- Film poster
- Directed by: Jacob Leventhal John Norling
- Produced by: Pete Smith
- Narrated by: Pete Smith
- Distributed by: Metro-Goldwyn-Mayer
- Release date: December 26, 1935;
- Running time: 8 minutes
- Country: United States
- Language: English

= Audioscopiks =

1935 film

Audioscopiks is a 1935 American short documentary film directed by Jacob F. Leventhal and John A. Norling. The main point of the short was to show off 3-D film technology. The film was nominated for an Academy Award at the 8th Academy Awards in 1935 for Best Short Subject (Novelty).

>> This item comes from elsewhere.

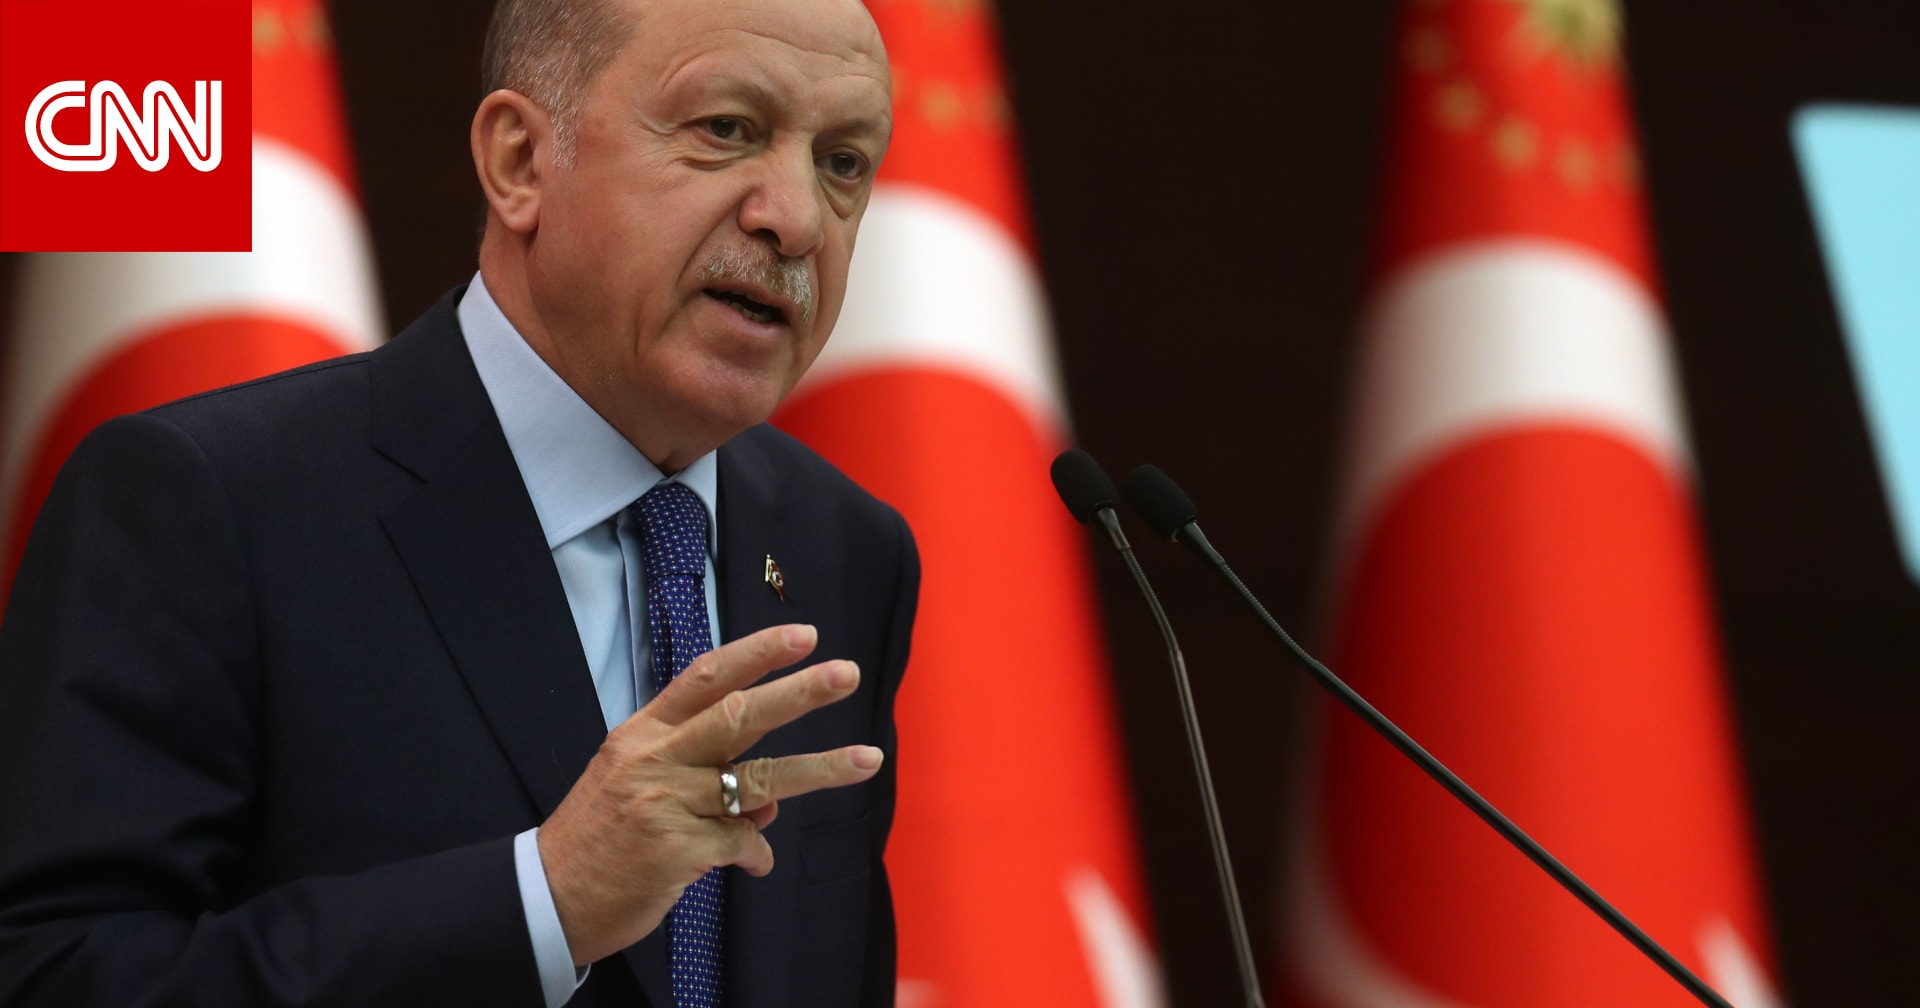 أردوغان وتصريح  لن نسمح في تركيا لأحد أن يجوع أو يُظلم أو يتعرض لمعاملة سيئة  يثير تفاعلا - CNN Arabic

This was MGM's first film in 3-D, filmed using the red-green anaglyph process, with prints produced by Technicolor. Current prints appear to have faded to a crimson-cyan color, causing ghosting to occur when viewed. Audioscopiks was followed by The New Audioscopiks (1938), and by Third Dimensional Murder (1941).

==Synopsis==
Audience members are given a lesson on how 3-Dimensional movies are made. After being taught about 3-D, patrons are then instructed to put on their 3-D glasses. They are then given a demonstration of 3-D with various objects moving towards the camera, including a ladder, a baseball being thrown and a woman on a swing. Smith narrates each short clip, most being 20 seconds or less.